What these four end up building in the painfully uneven first season doesn’t actually matter. What’s being built in each season of the show never actually matters. Sometimes it’s a shade of what would make Compaq a dominant force in the 90s, other times it’s McAfee or AOL or even an algorithm that would make Google great.

The “thing” isn’t what matters on Halt and Catch Fire. Rather it’s the people themselves, a mad mix of geniuses and those who consider themselves geniuses. Frequently the show is a scathing condemnation of what makes the tech business tick and why the big ideas seem to so often fail. Friends and partners screw each other over for a buck after trying to build something refreshing and innovative. Money always triumphs over vision. The ordinary excel while the extraordinary frequently find themselves restricted.

These aren’t the rockstars of the tech scene. They’re not Steve Jobs or Bill Gates. They’re the other guys. The ones best remembered as a name in someone else’s Wikipedia entry.

It could be a positively pessimistic show, but there’s an engine of optimism at its heart. The main characters are ultimately not driven by the need to succeed or make a billion dollars or wind up on the cover of Forbes or Wired. They’re driven only by the need to see an idea, no matter how initially nebulous, to fruition. They want to create, even if its a ripoff of what everyone else is doing, or doomed to fail because we, the viewer, have the luxury of hindsight and know what happens to companies like Gateway and Compuserve.

But what’s really extraordinary, and what had me start a rewatch almost as soon as the perfect finale was over (the fourth season is easily one of the best seasons of a television show ever produced) is the epic, if platonic, romance at the center of Halt and Catch Fire. As the first season was winding down the writers realised they’d miscalculated. People weren’t interested in the gangly mystery man that was Joe MacMillian or the tortured genius of Gordon Clark.

Instead it was Cameron, the brash kid genius, and Donna, the consistent (and quietly ruthless) working mum that had viewers attention. So the show leaned in, letting Gordon and Joe drift while Donna and Cameron worked together to build a company and take on a wealthy and sexist establishment.

As retoolings go, it was one of the most successful of its kind, and each season just built on that central relationship (and the skyrocketing quality of the second season). It was actually thrilling to watch two wildly different women forge a work romance, than fall apart, and then struggle to reunite, professionally speaking.

Late in the final season Donna plays a universally panned video game Cameron designed and she notices what all the critics missed and I was stuck half standing on my couch begging for Donna to call Cameron to tell her she’d beaten a video game. That’s a helluva a feat: to bring emotional resonance to a crummy game.

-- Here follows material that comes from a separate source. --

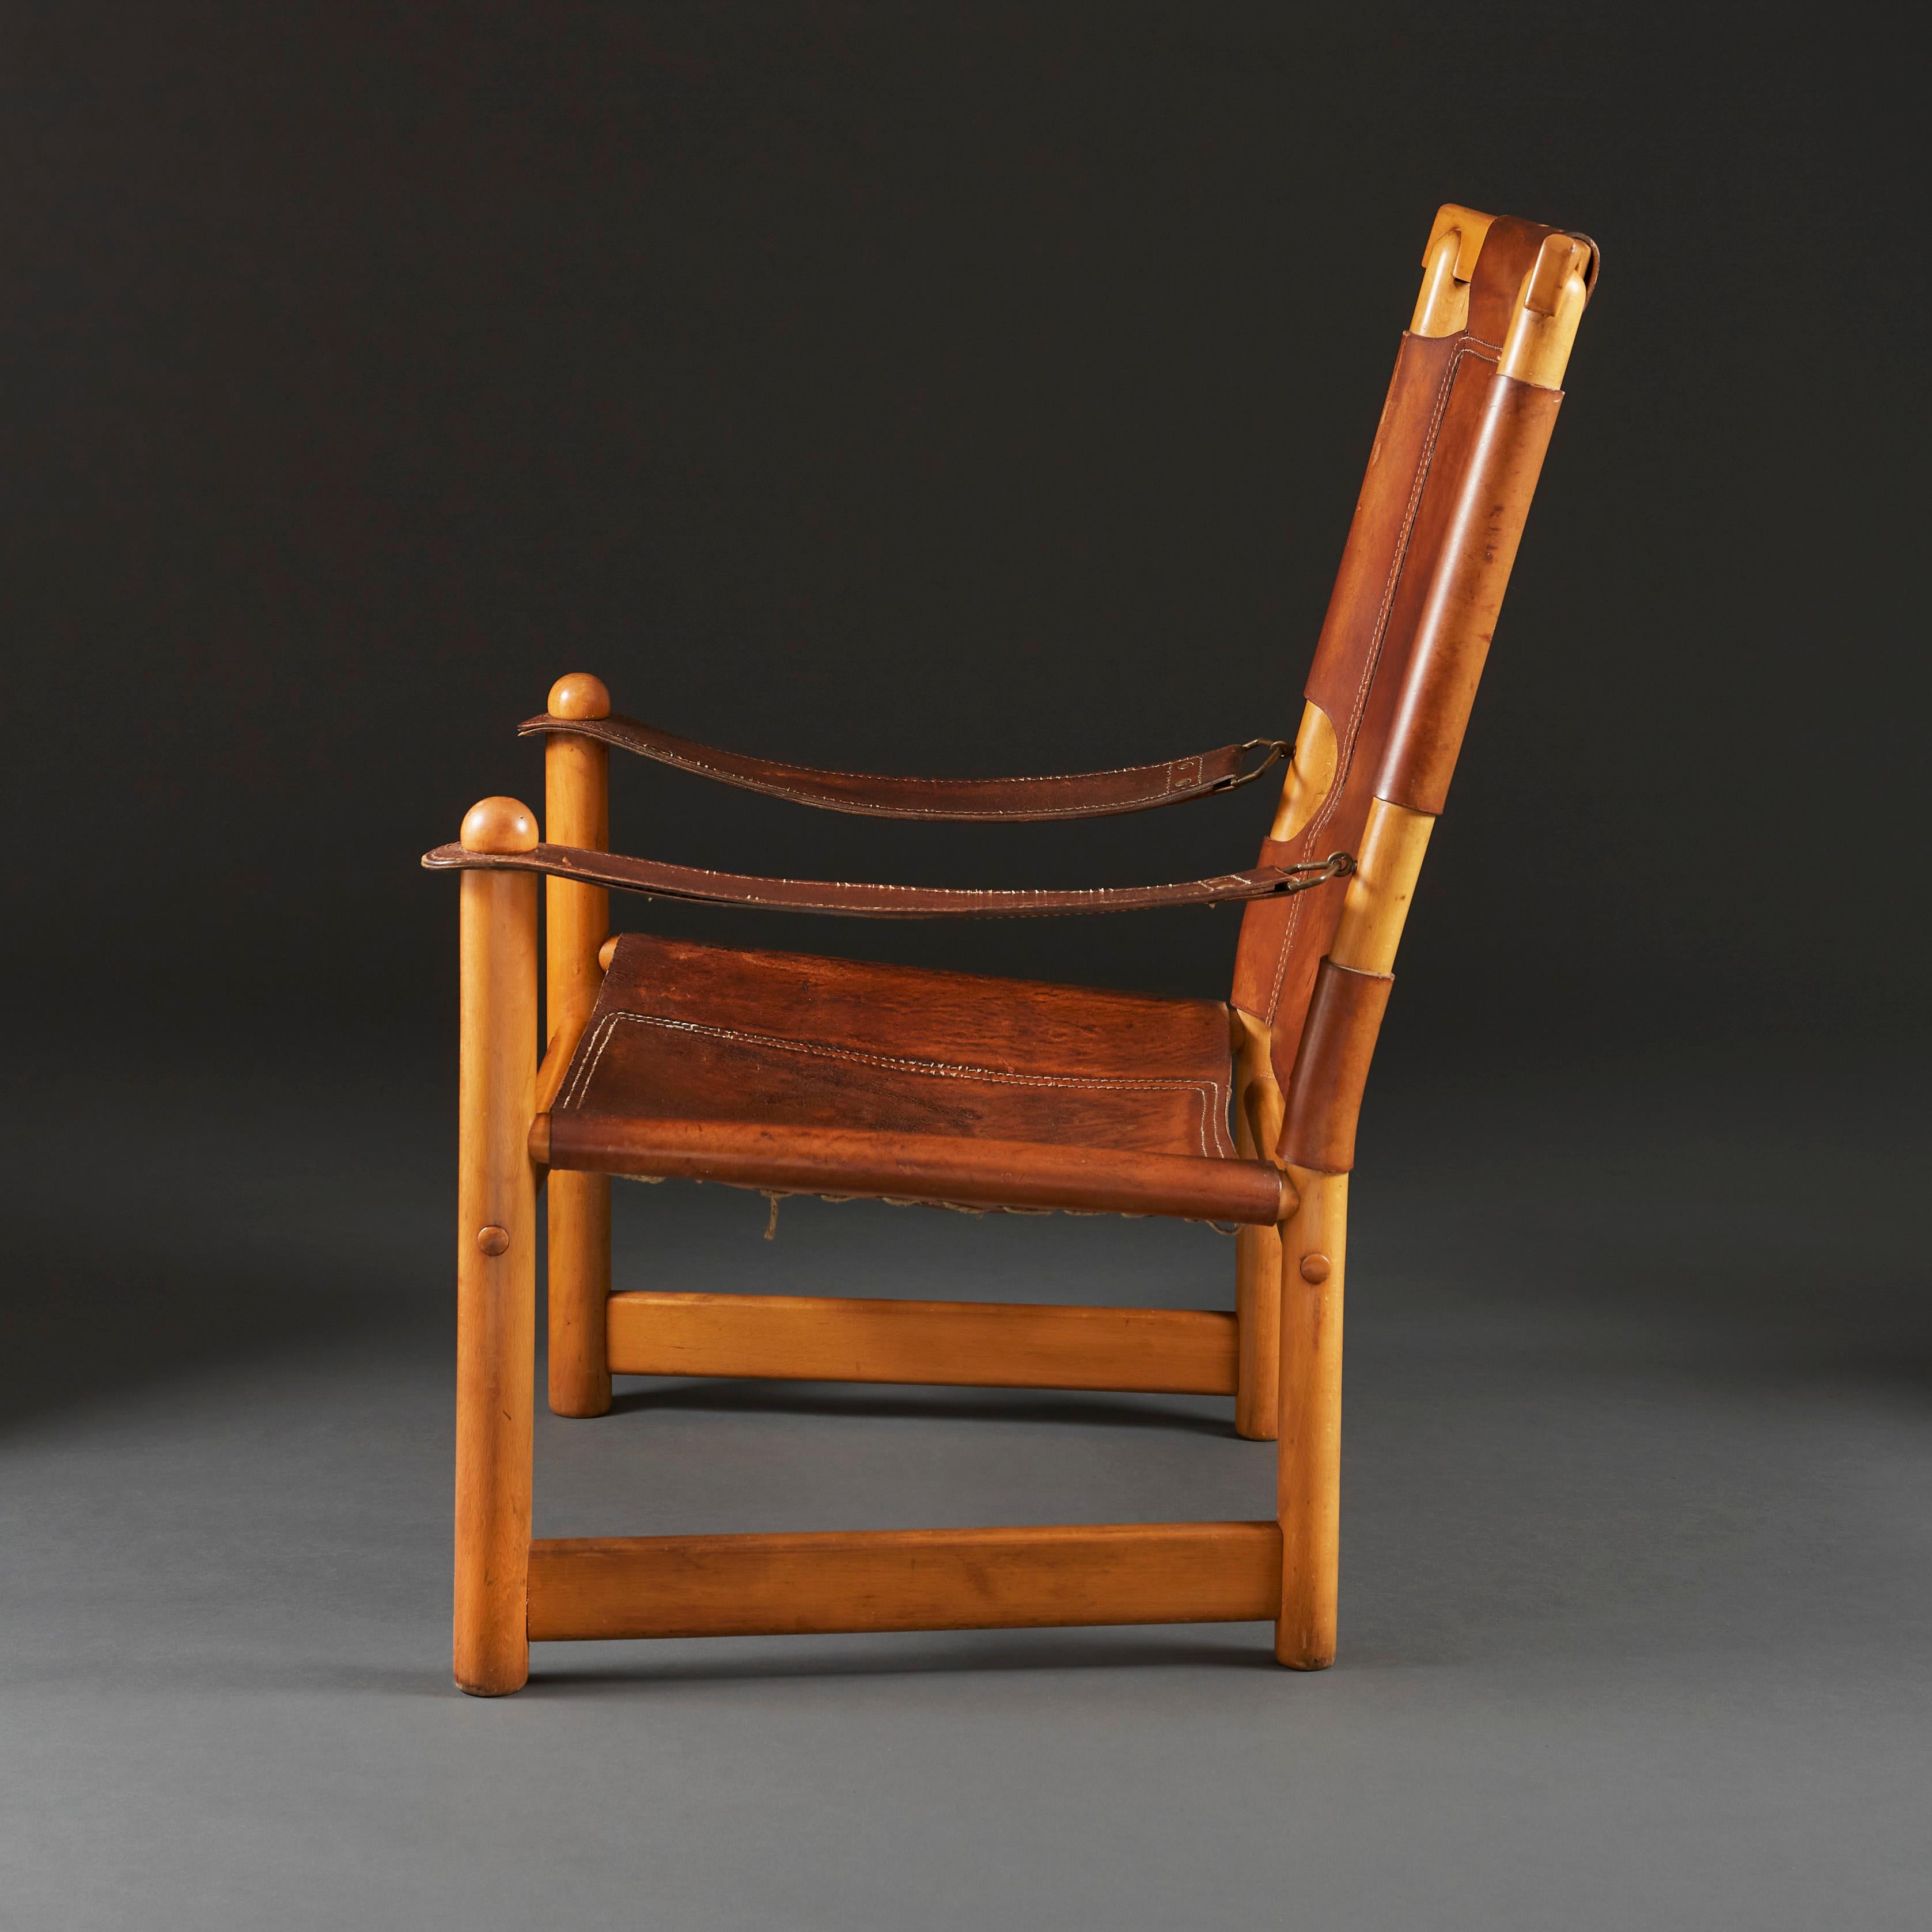 A mid-20th century Italian leather and pine armchair, the original leather showing wonderful patination, the leather stitched around the frame on the back and the seat, the arms made from leather straps with unusual metal buckle attachment to the

Halt and Catch Fire is full of moments like that. Instances that have no right to punch you in the gut as often as they do. All four seasons are currently on Netflix (the latest season was just added today) so if you find yourself needing something to think about besides Star Wars or the purposeful crumbling of our internet infrastructure, you should give it a binge. Just be forewarned, the first season can be a slog, but every season after makes it worth it.